TASK OBJECTIVE:
Repeat the listing below exactly. Pictures do not belong in the copy.

PROVIDED DATA:
━━━━━━━━━━━━━━━━
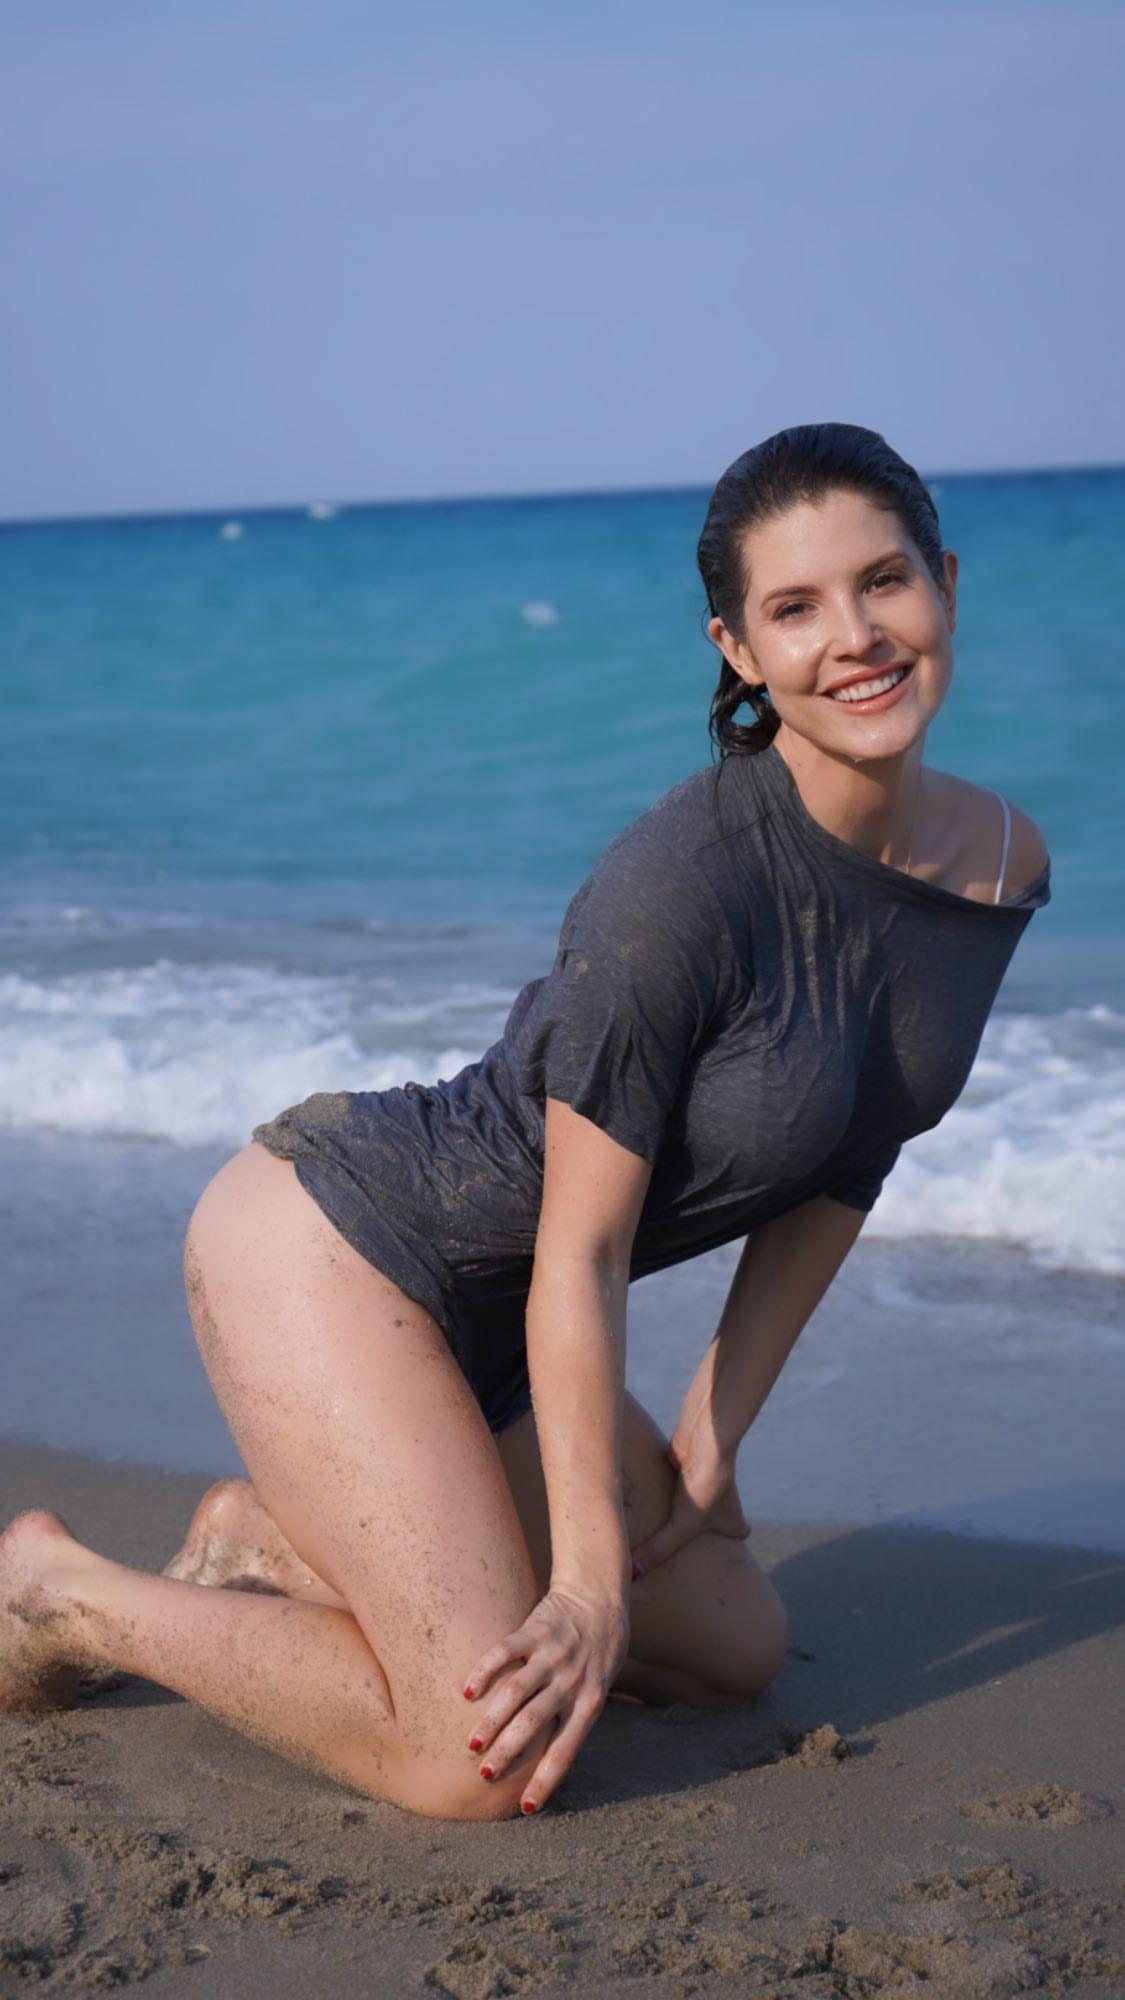 Amanda Cerny In Wet Shirt
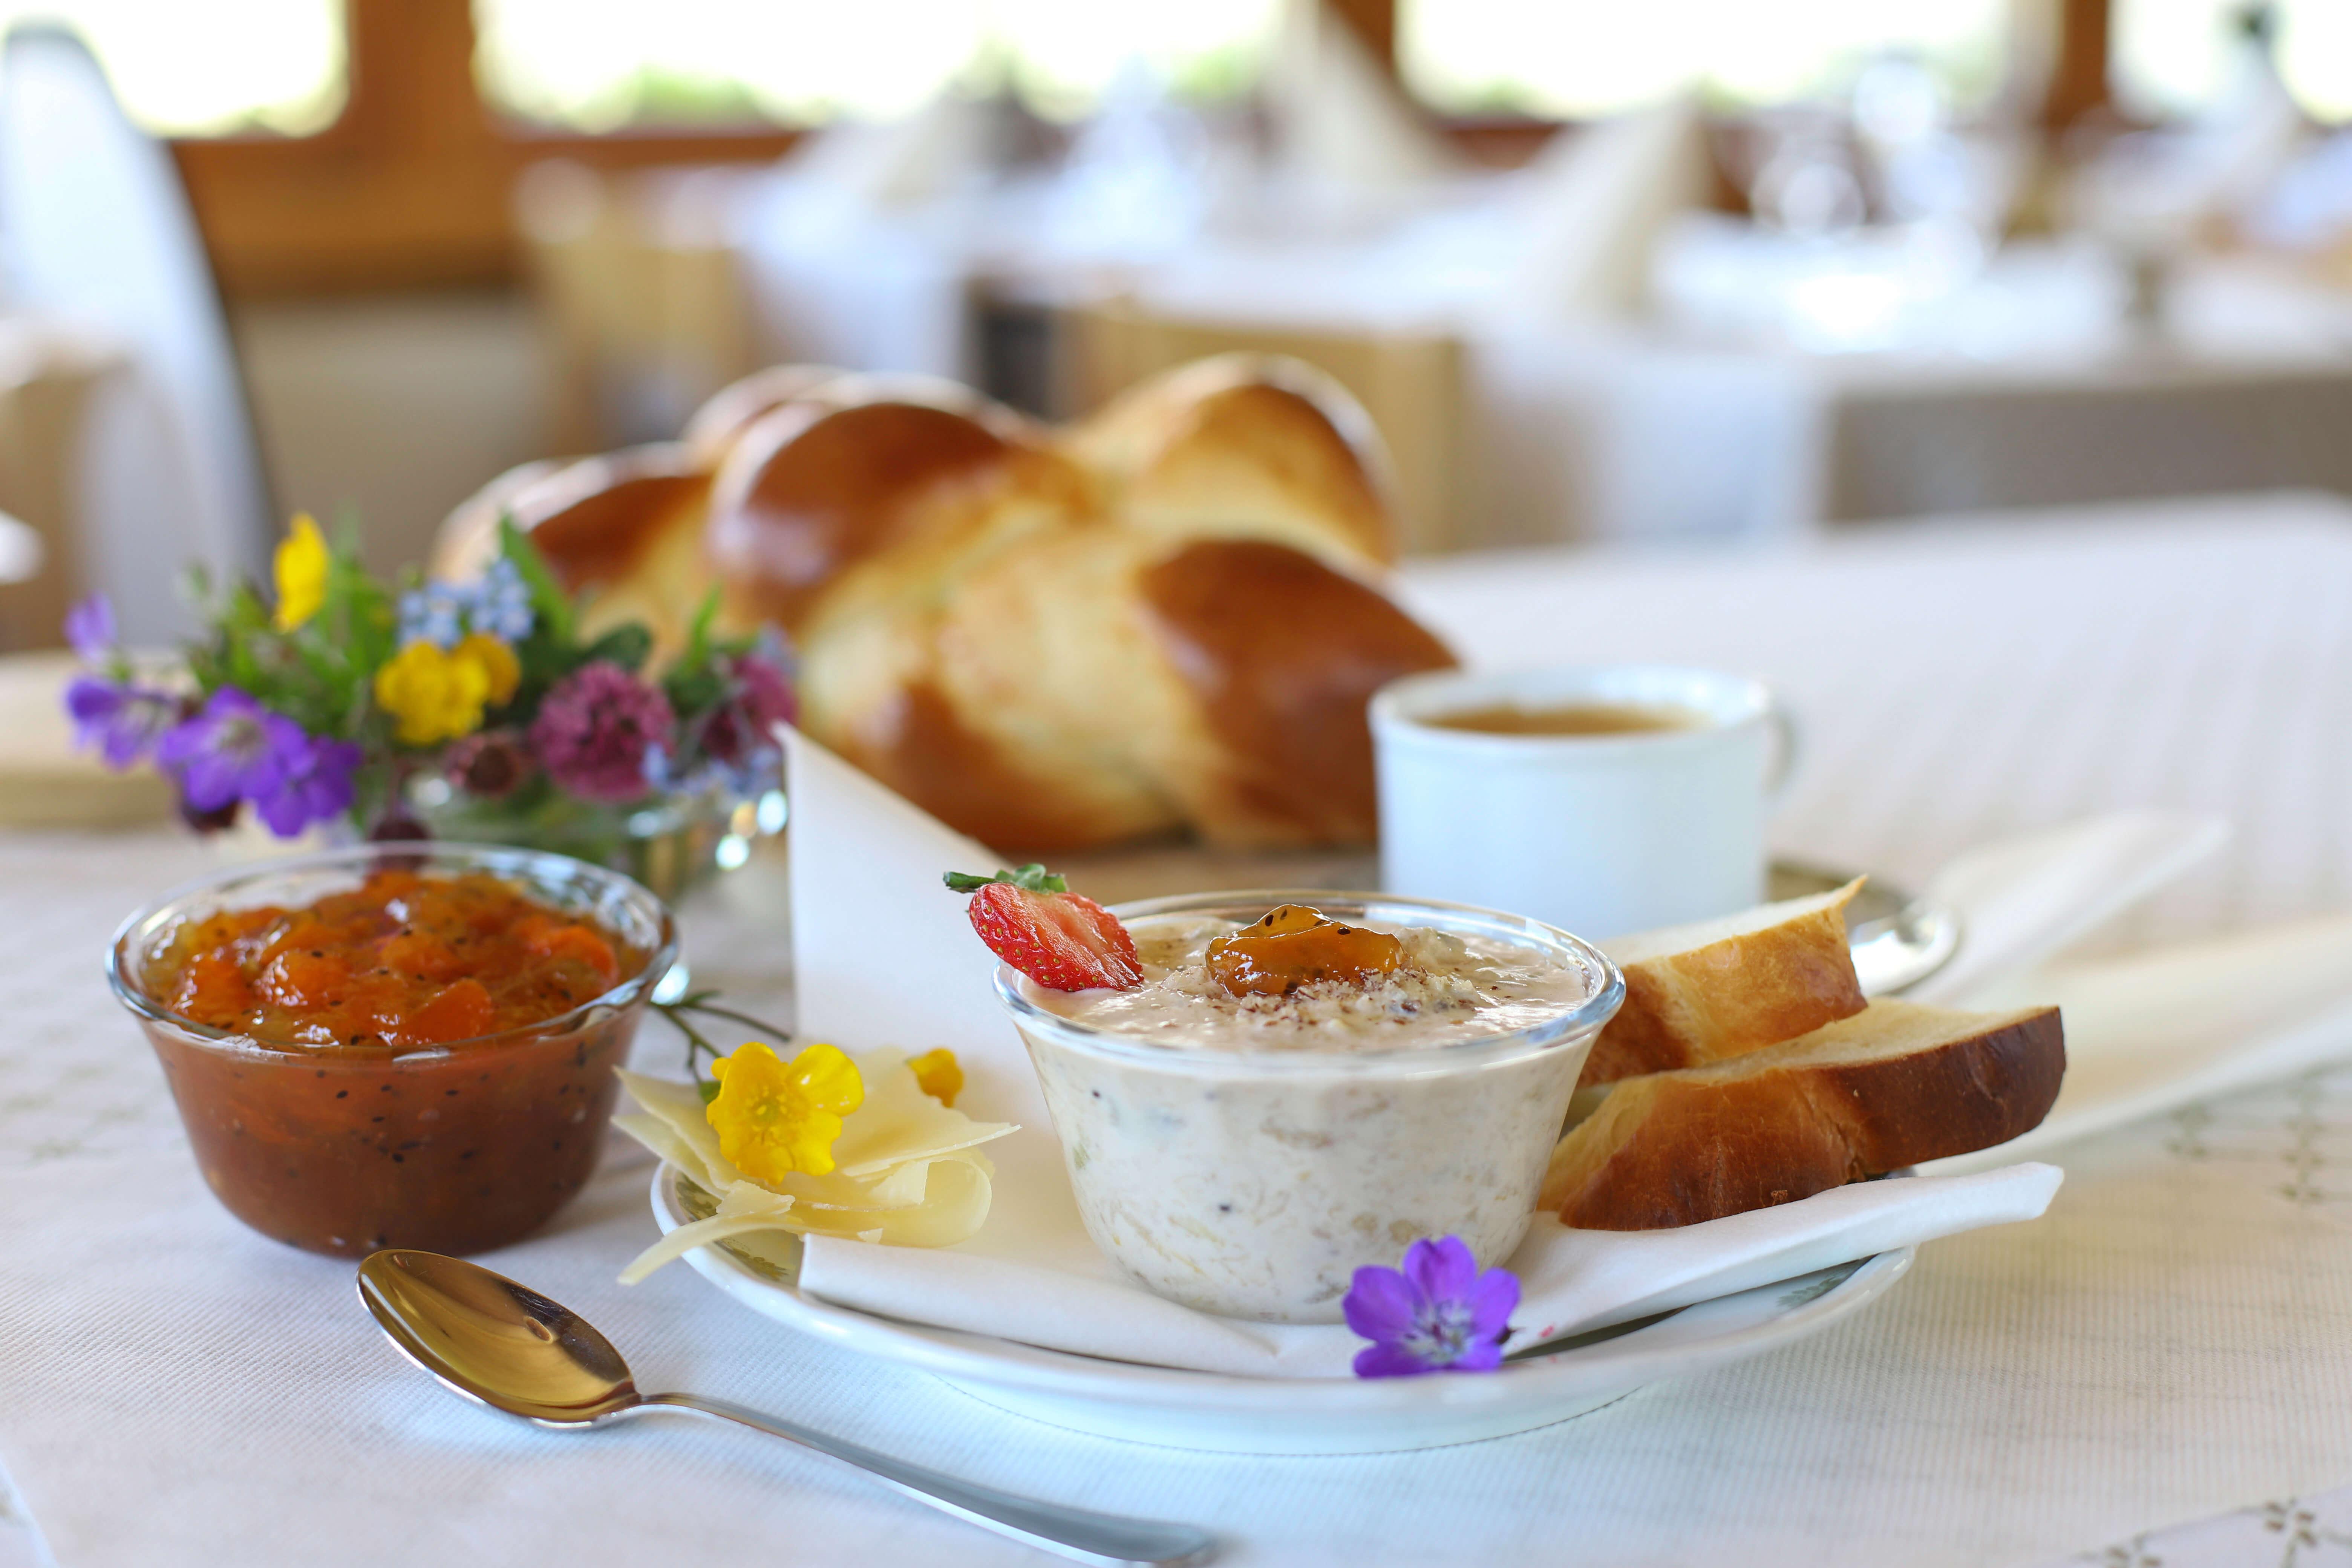 Bärglizmorge Frühstück Zopf Müsli Diemtigbergli
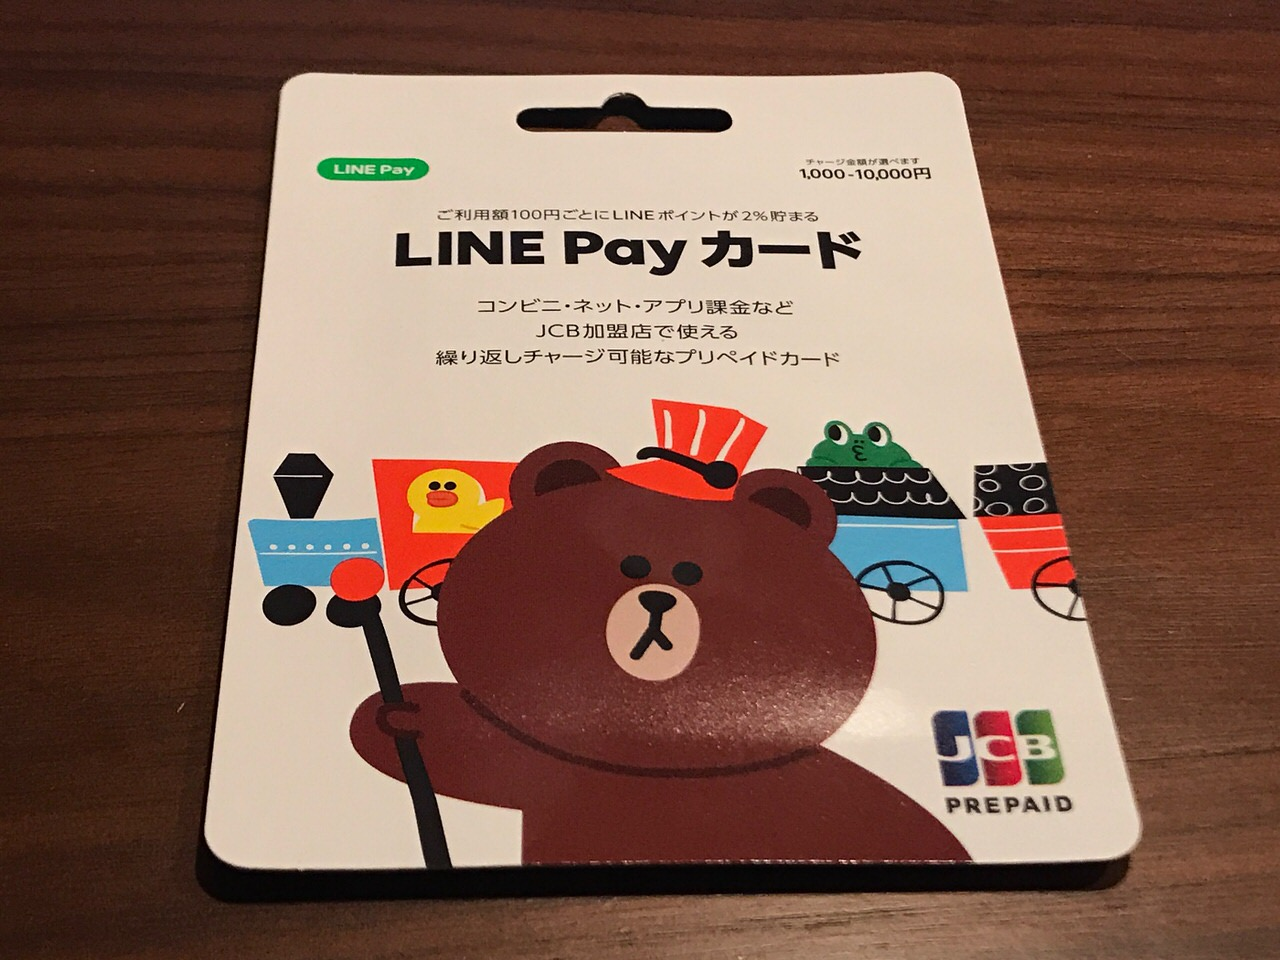 Line pay card 8722
━━━━━━━━━━━━━━━━
REPLY:
 Amanda Cerny In Wet Shirt
 Bärglizmorge Frühstück Zopf Müsli Diemtigbergli
 Line pay card 8722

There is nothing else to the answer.